Calming your mind and body
People have been using the breath to influence their physical and emotional state for 8,000 years. Only recently has science begun to unravel how the breath affects the body and the mind. Research has shown that regular breath work can reduce anxiety, stress, and depression by calming our sympathetic nervous system in a variety of ways that also affect the brain, the heart, and the digestive system in a positive way.
When we become anxious, worried, or hurried, one of the first things that often happens is that our breathing becomes shallow and constricted. Constricted breathing leads to fatigue and discomfort, which reduces our ability to cope with the challenges of life.
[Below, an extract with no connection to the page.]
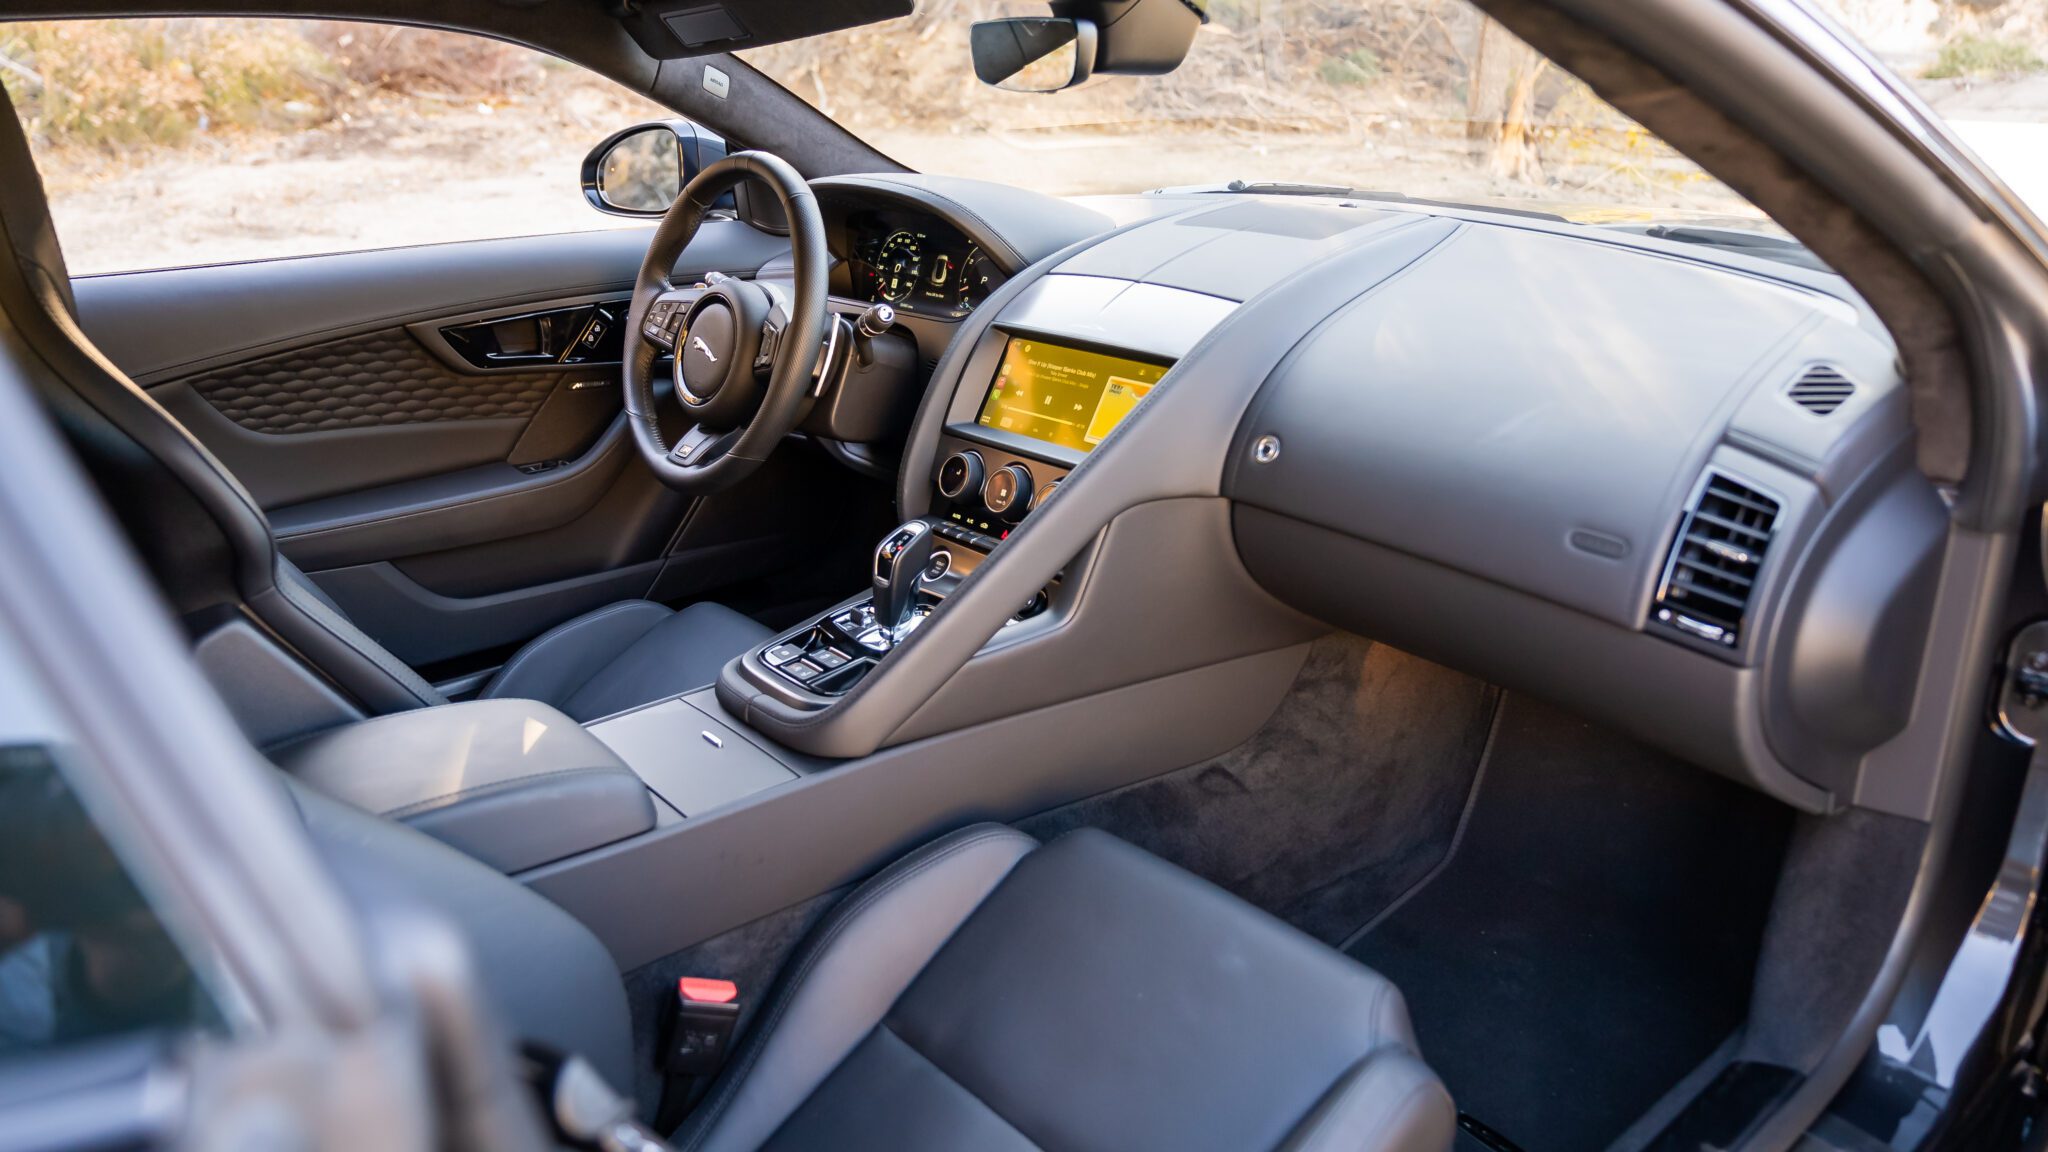 An image of a car's interior.

It is helpful to try to relax as soon as we become aware of tension or anxiety. There are few times when we cannot do relaxation breathing; it is a powerful tool that is always available to us.
To practice relaxation breathing:
Sit in a comfortable position with your hand resting on your belly.
Slowly breathe in for a count of six
Relax your belly, and let it move out as you slowly breathe in.
This allows the diaphragm, the sheet of muscle between the chest and abdomen, to lower and make room for the lungs to expand fully.
Pause, and slowly breathe out for a count of six.
Pause again, and repeat the slow breaths in and out for six to ten breaths.
If you are tired, return to normal breathing. If you still feel tense, repeat as needed. This slow, deep breathing will calm your sympathetic nervous system, allow you to go through your day in a calmer way with more energy, and help you to sleep better. You can also do this breathing if you are wakeful at night.